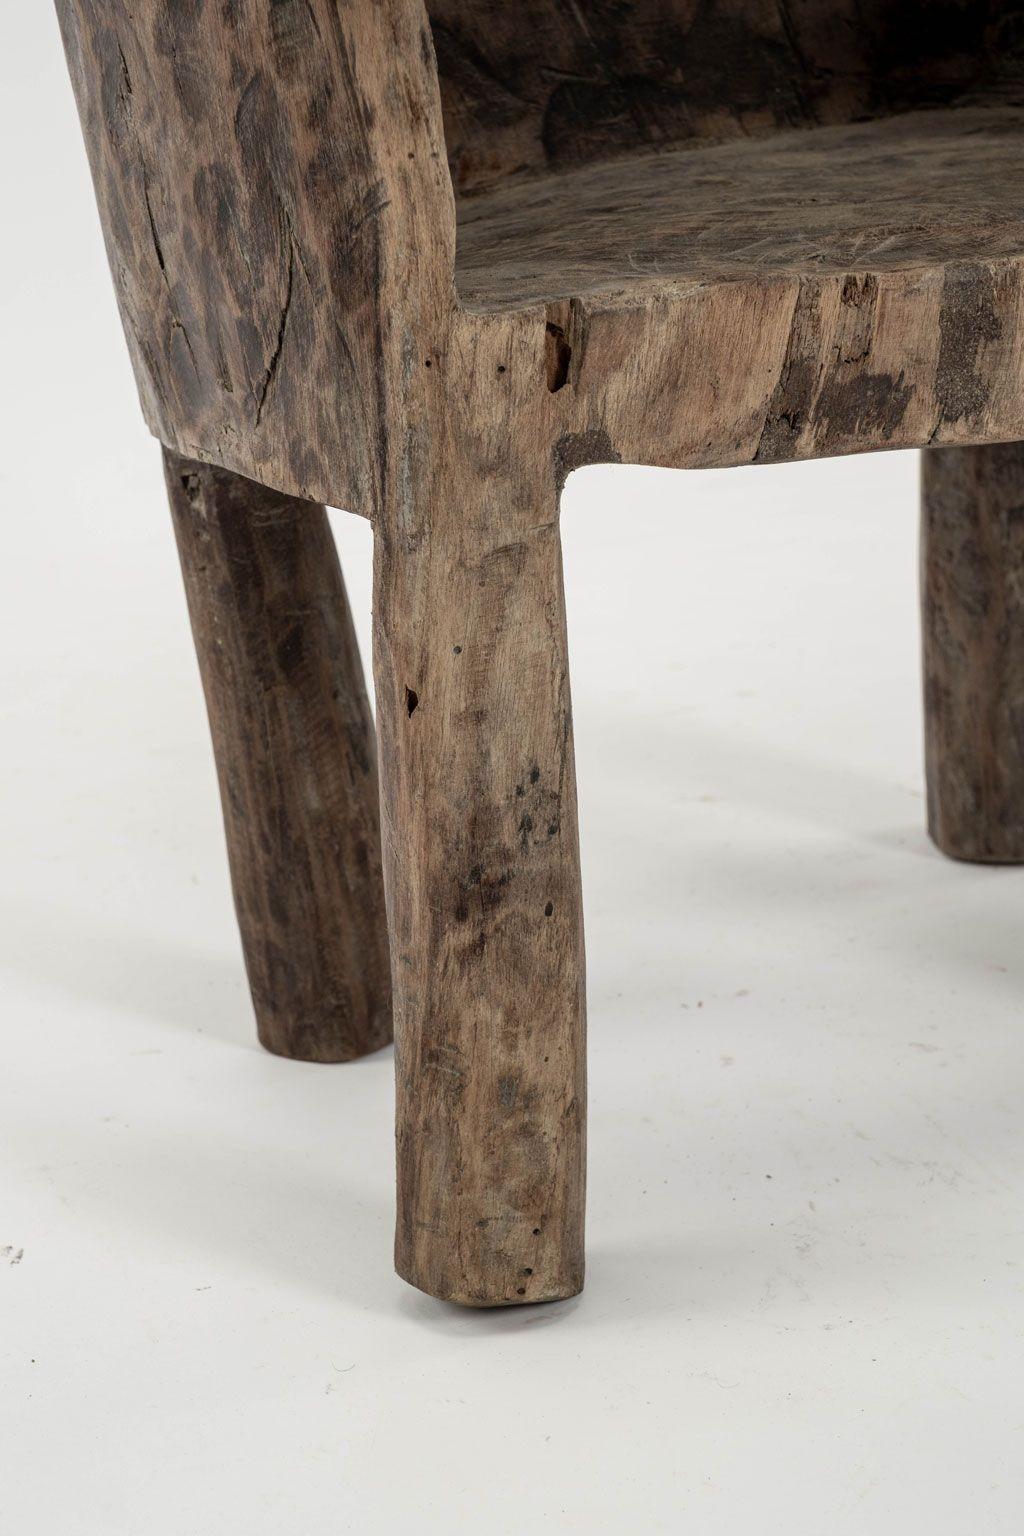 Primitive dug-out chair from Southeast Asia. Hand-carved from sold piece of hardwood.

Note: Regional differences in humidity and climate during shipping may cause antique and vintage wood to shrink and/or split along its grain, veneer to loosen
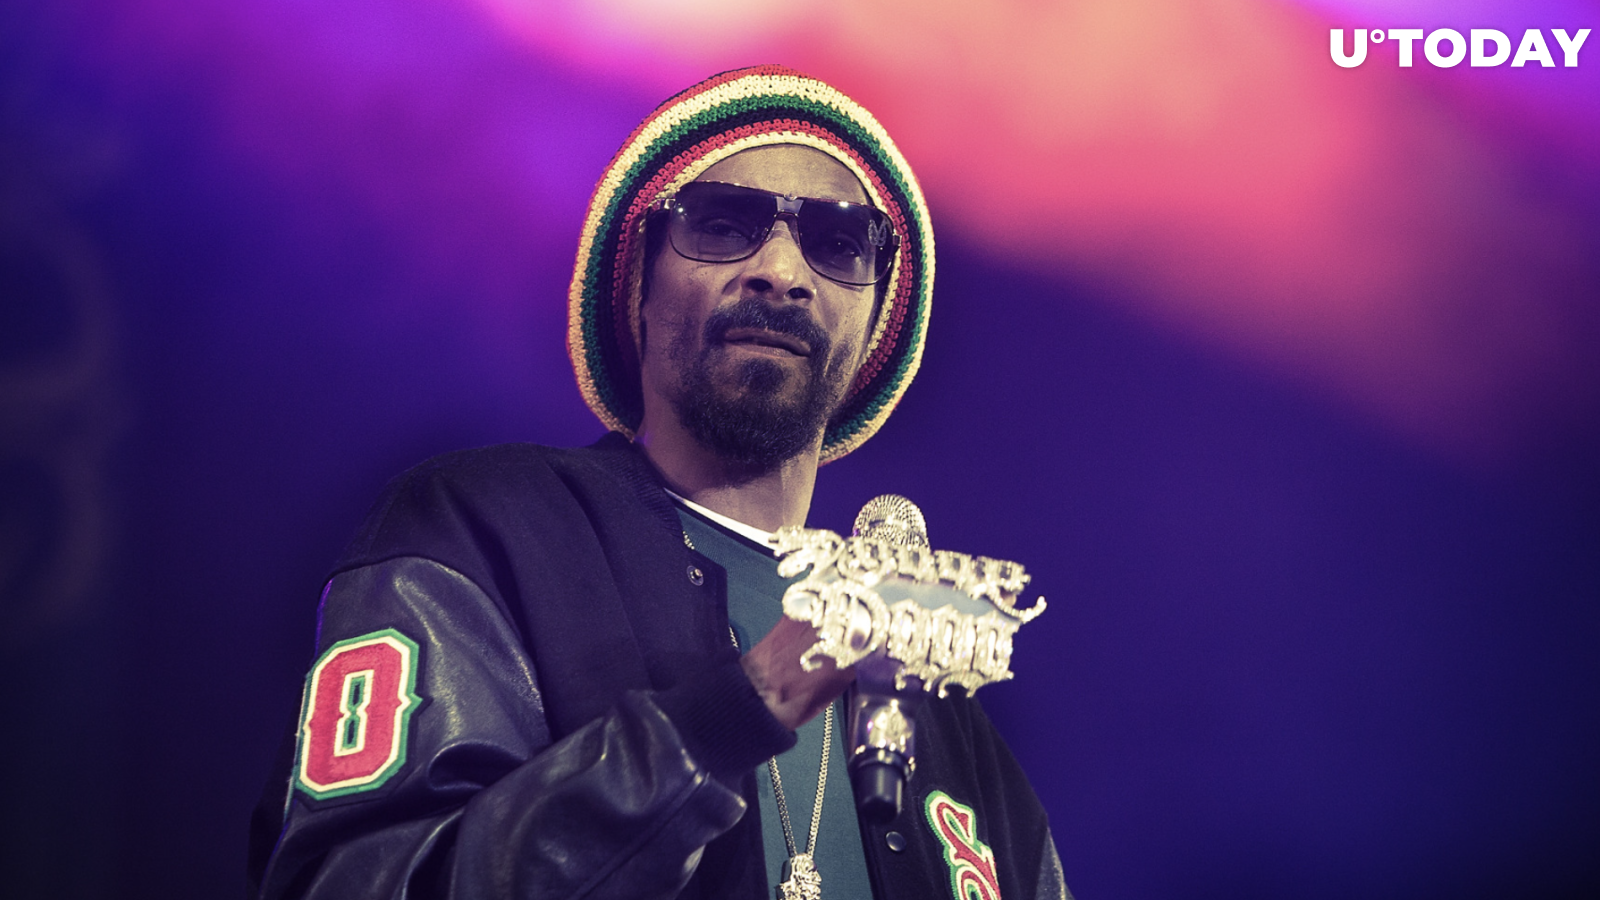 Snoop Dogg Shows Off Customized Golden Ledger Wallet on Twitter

▬▬▬▬▬▬

**Work to be completed:** An exact transcript of the listing is needed, free of pictures.

**Output for this task:**
 Primitive dug-out chair from Southeast Asia. Hand-carved from sold piece of hardwood.

Note: Regional differences in humidity and climate during shipping may cause antique and vintage wood to shrink and/or split along its grain, veneer to loosen
 Snoop Dogg Shows Off Customized Golden Ledger Wallet on Twitter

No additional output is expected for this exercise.